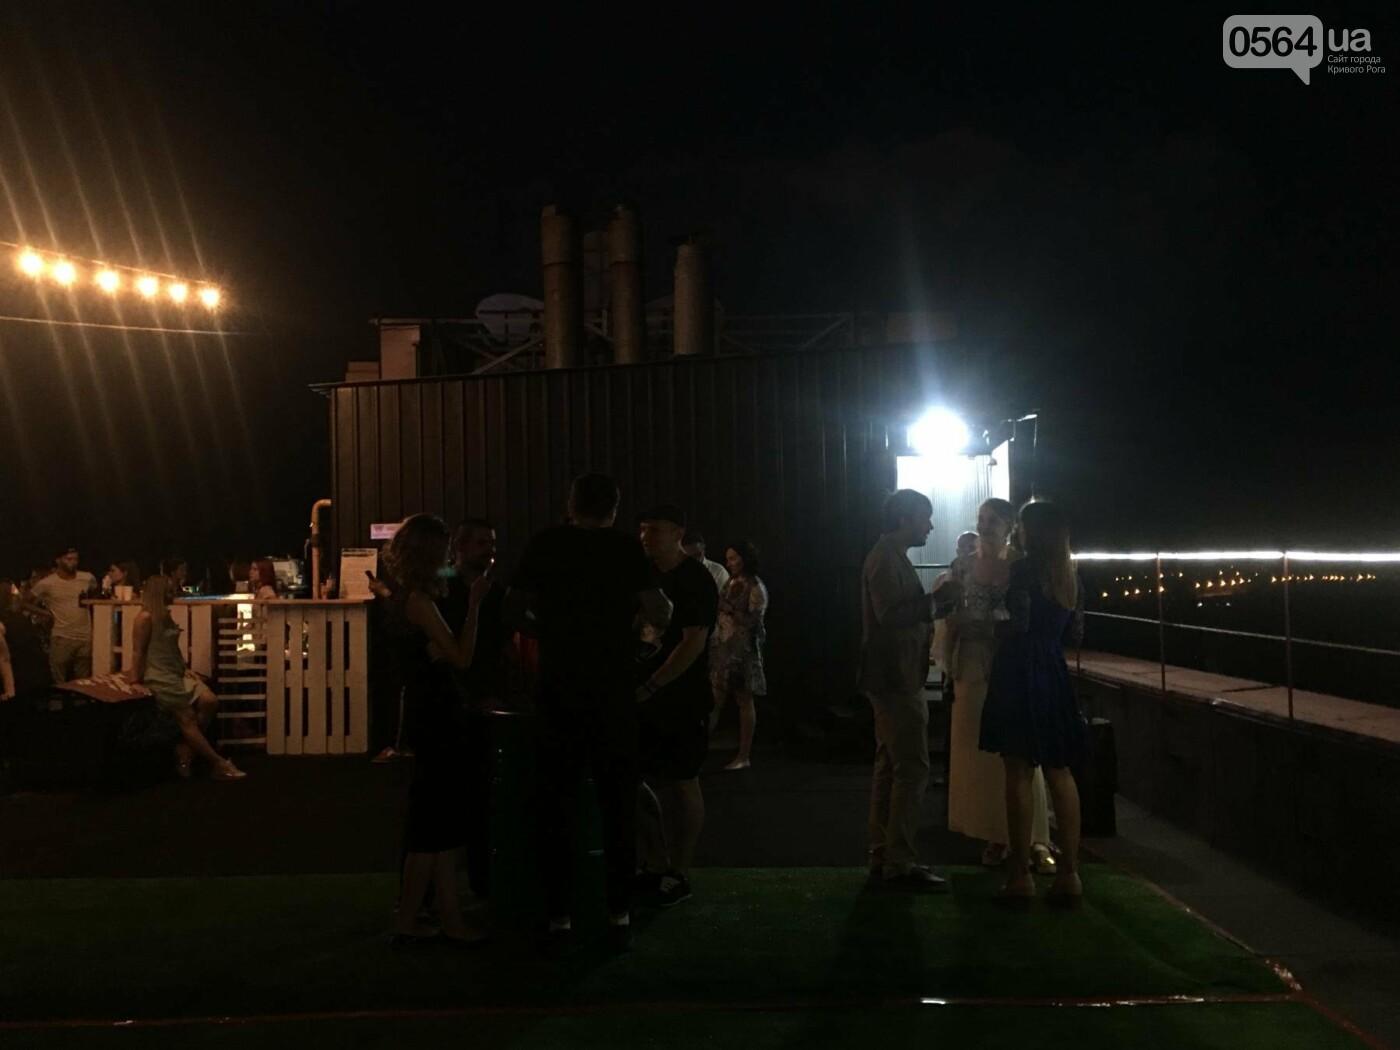 Сотни криворожан встречали закат на крыше отеля под мелодии джаза, - ФОТО, ВИДЕО, фото-22
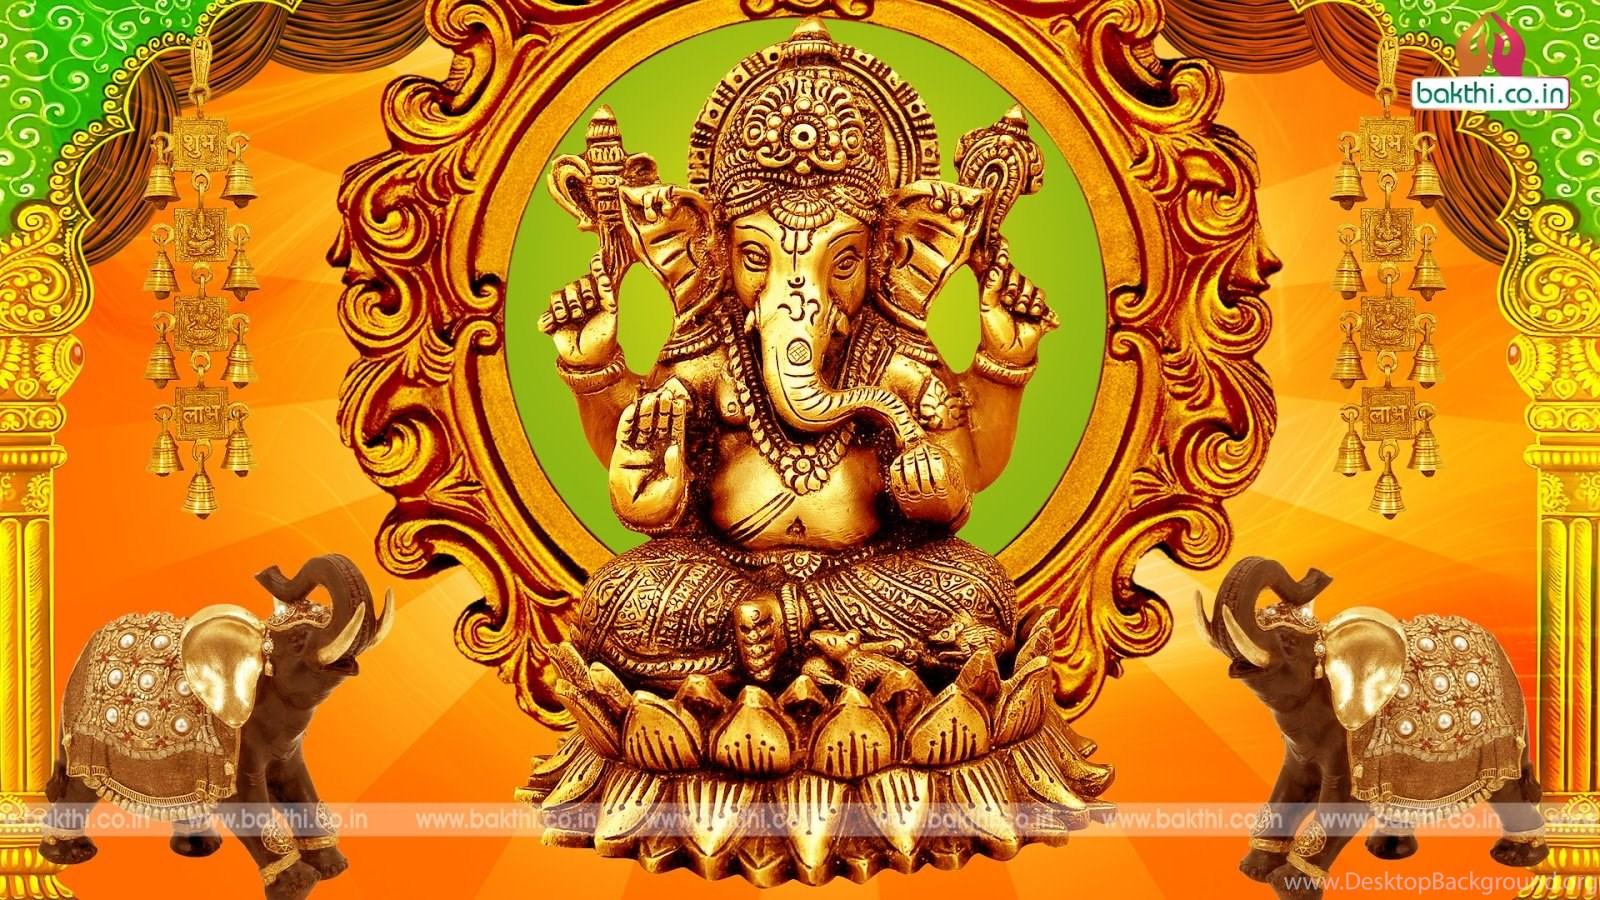 Vinayagar Animation Wallpaper Lord Ganesha Hd Wallpapers With Creative Design Desktop
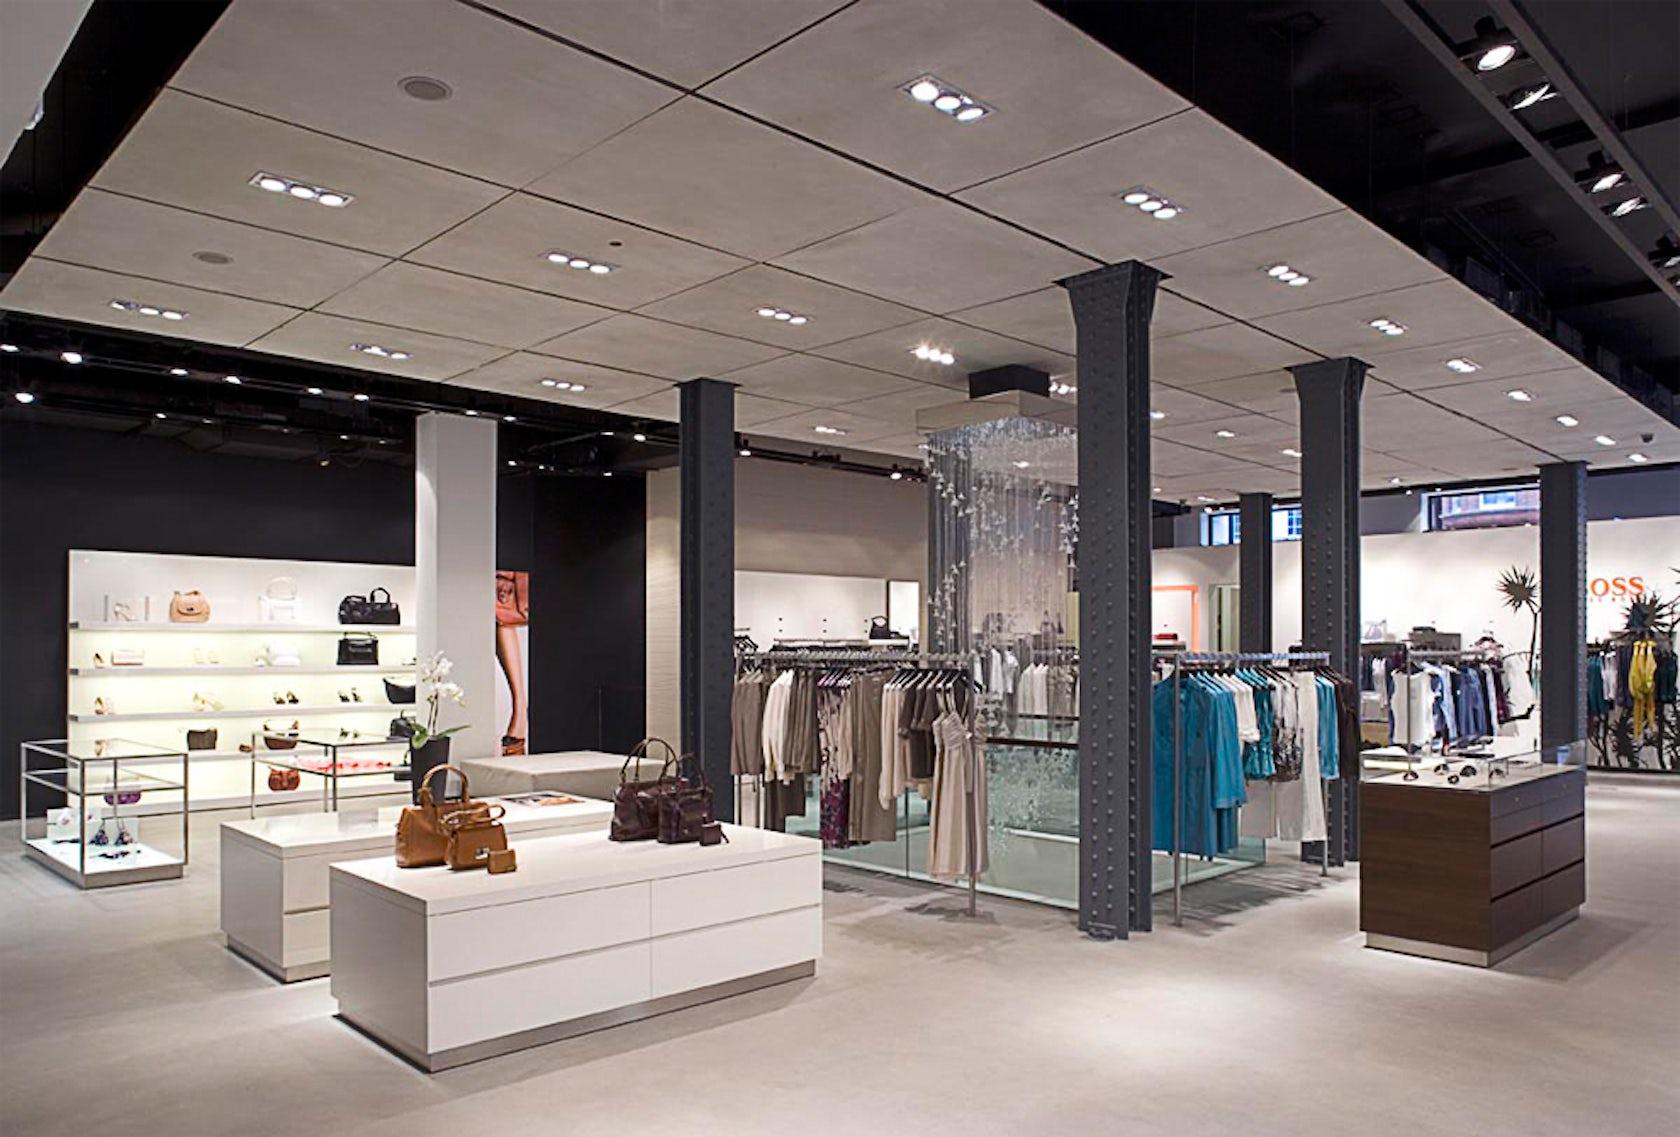 Hugo boss london flagship store architizer for Interior design agency edinburgh

Work order
Start at the first line and set down all of the data exactly, passing over the pictures.

Solution to the exercise
 Сотни криворожан встречали закат на крыше отеля под мелодии джаза, - ФОТО, ВИДЕО, фото-22
 Vinayagar Animation Wallpaper Lord Ganesha Hd Wallpapers With Creative Design Desktop
 Hugo boss london flagship store architizer for Interior design agency edinburgh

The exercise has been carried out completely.